Chapters 3 and 4, in which Guthrie examines case studies through radio and film respectively, are the most compelling in terms of the intersectional multimediality of the middlebrow, showcasing richly documented archival work on mid-twentieth-century public initiatives for music education. Particularly interesting is the chapter “Victorians on Radio,” in which Guthrie describes how “music educators adapted late-Victorian ideals of cultivation to meet the cultural and political challenges of twentieth-century modernity” (98). The case study of extramural education at the University of Birmingham dovetails nicely into the debates about school education and modern music in chapter 6. In chapter 5, Guthrie contextualizes the persistent presence of canonical composers such as Bach, Mozart, and Beethoven within a discourse of conservativism (141), providing evidence for the fact that the canonization of these composers has been contested historically, despite their ongoing prevalence. Guthrie's reading of Peter Maxwell Davies's O Magnum Mysterium in chapter 6 is cogent and captivating as an analysis of middlebrow modernity while raising the question of why such close musical readings are absent in the other chapters and what the analysis of musical texts within the project as a whole really achieves—that is, is the very act of providing a close reading of O Magnum Mysterium itself a contemporary (re)enaction of middlebrow pedagogical principles?

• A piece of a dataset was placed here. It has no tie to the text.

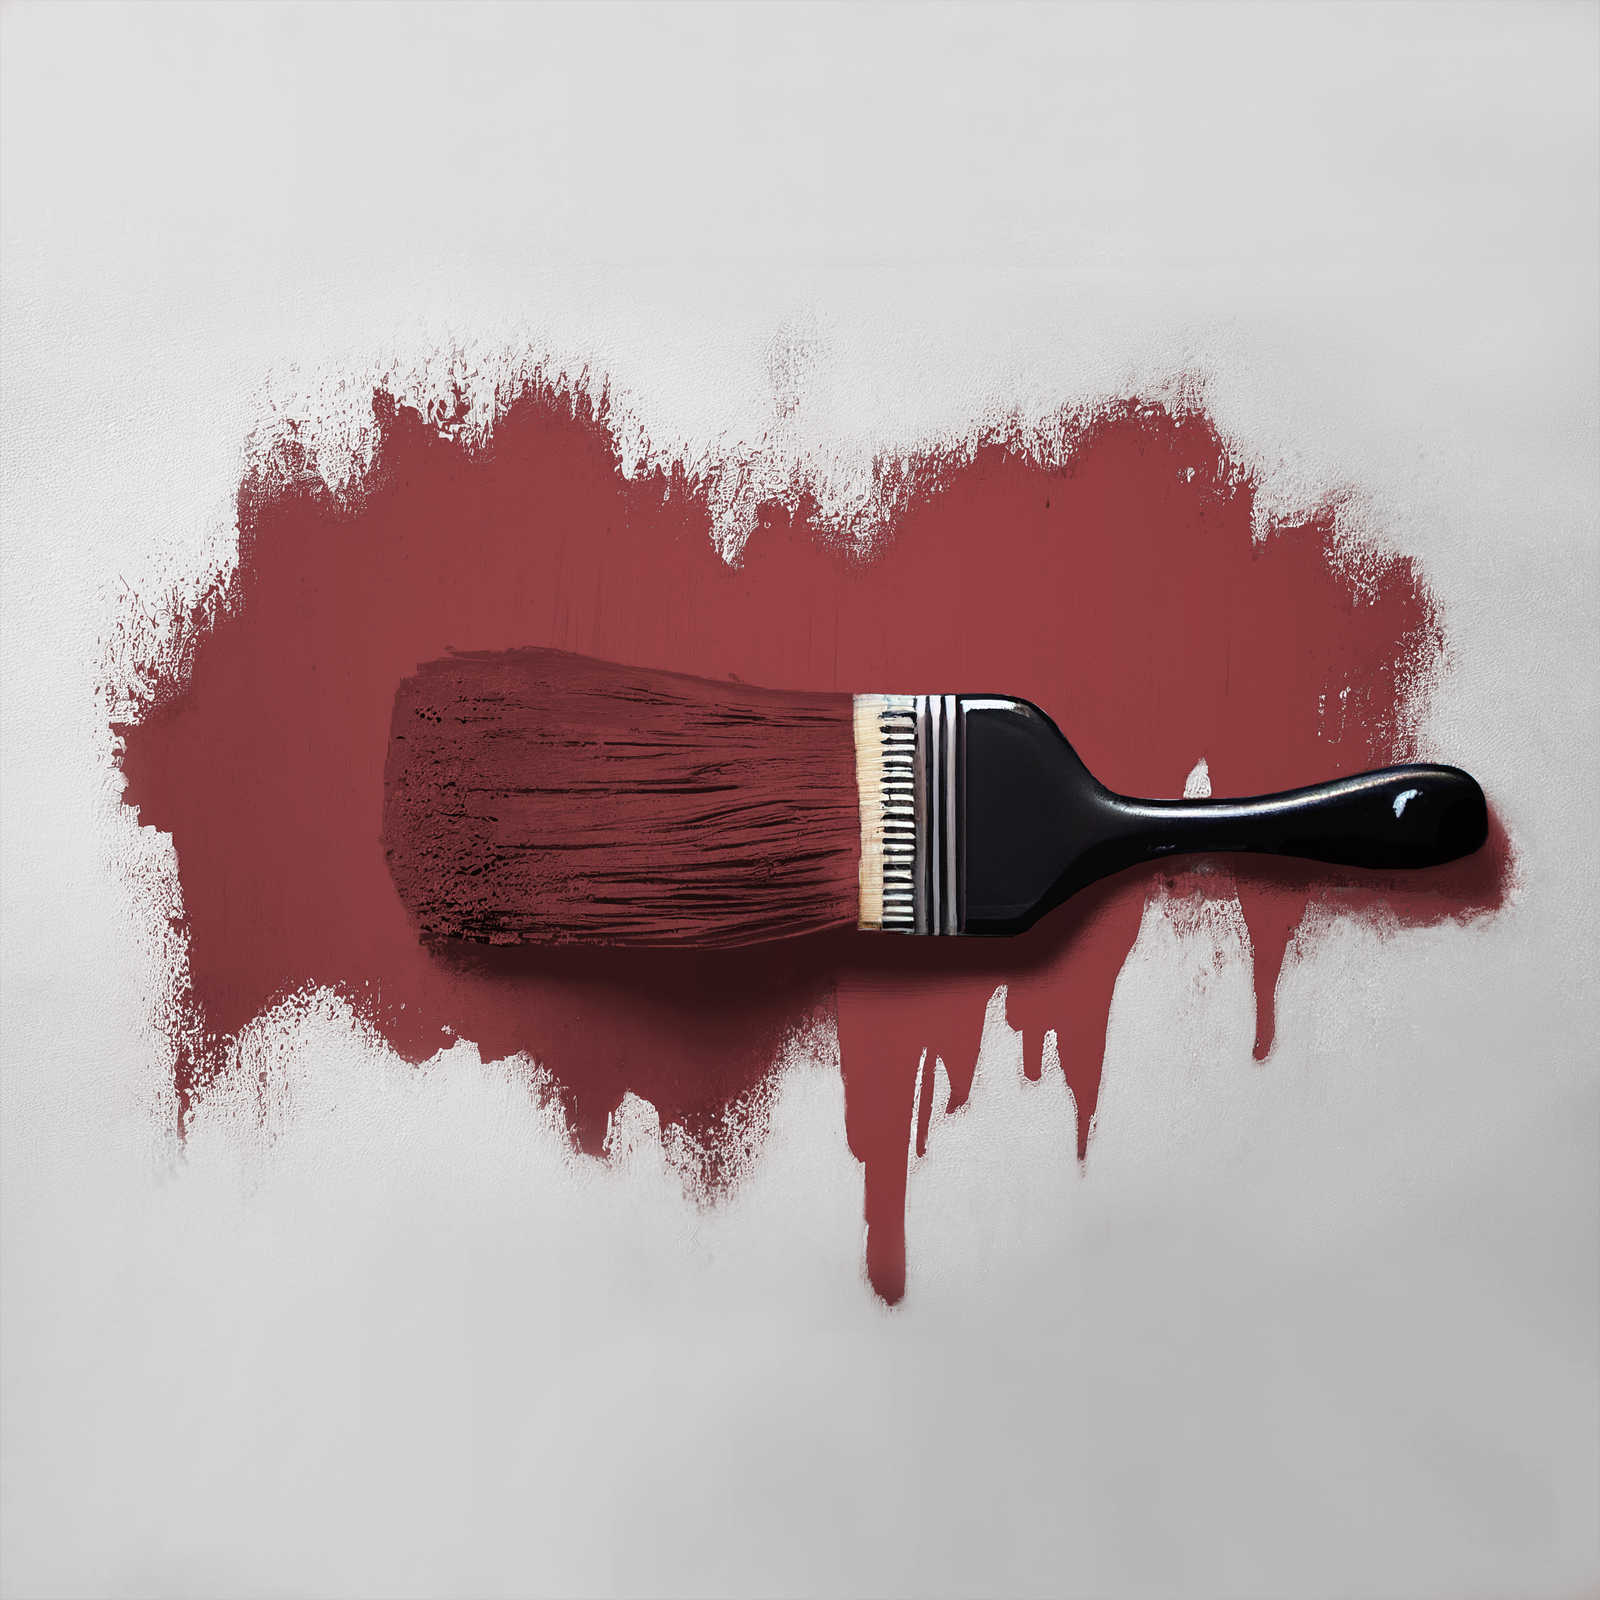             Peinture murale TCK7006 »Perky Pomegranate« en rouge foncé passionné – 5,0 litres
        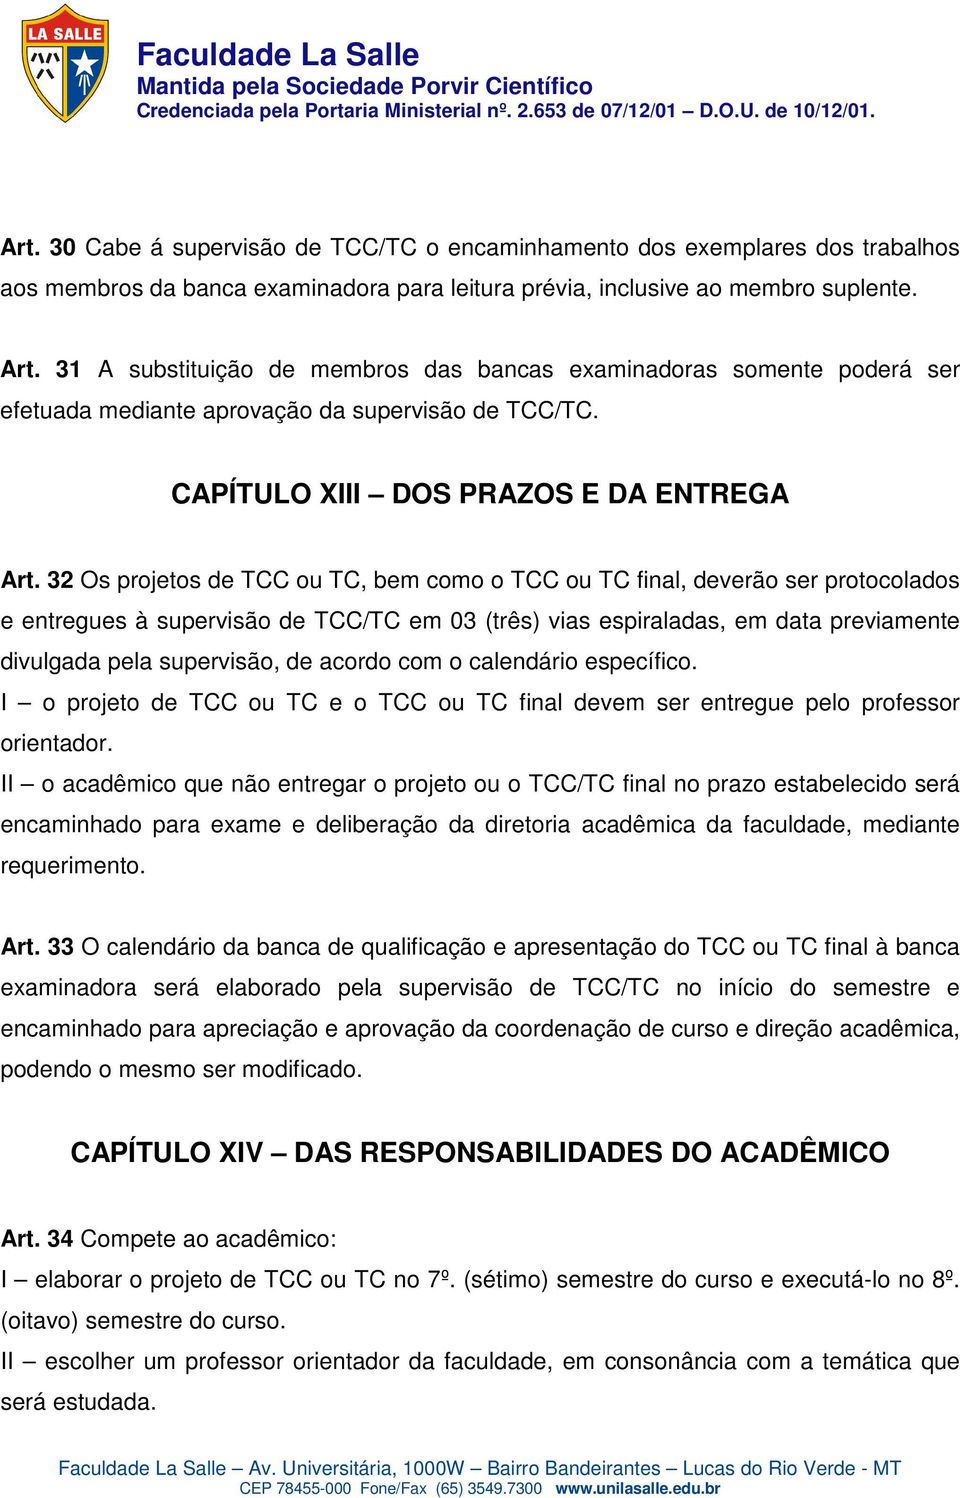 32 Os projetos de TCC ou TC, bem como o TCC ou TC final, deverão ser protocolados e entregues à supervisão de TCC/TC em 03 (três) vias espiraladas, em data previamente divulgada pela supervisão, de

Finally, the short epilogue incorporates the first sustained examination of an arguably more popular musical example (in this case, the influence of hip hop in Gabriel Prokofiev's Concerto for Turntable and Orchestra at the BBC Proms in 2011), underscoring timely debates about how the middlebrow intersects with contemporary issues of cultural appropriation, race, and gender (female YouTube commentators are quoted as source material, for example). The sudden incorporation of a more diverse range of voices at this final stage retrospectively exposes the comparative absence of such perspectives in the main chapters. I do not intend this to be a criticism, as much as a comment on the lack of an intersectional diversity within the existing archive of the musical middlebrow in twentieth-century Britain: Guthrie's subjects and sources are overwhelmingly white men, promoting the music of white men as a way to mediate between conflicting cultural hierarchies and technologies that were, undeniably, gendered and racialized, both then and now. This archival fact is revealing, highlighting the possibility that the roots of twentieth-century middlebrow culture did not create sufficient space, by definition, for female or ethnic minority agents to lead the cause of inclusive music appreciation efforts in Britain. As such, the leap to cultural pluralism in the epilogue poses crucial and relevant questions about why and for whom certain genres have been traditionally classified as highbrow, lowbrow, or in between, and how the middlebrow might serve to confront and repair such hierarchical imbalances.

I look forward to seeing the conversations that will be inspired by Guthrie's excellent research. Her closing challenge, that value-laden aesthetic hierarchies “remain constitutive of Britain's musical culture” today (218), will be relevant for years to come.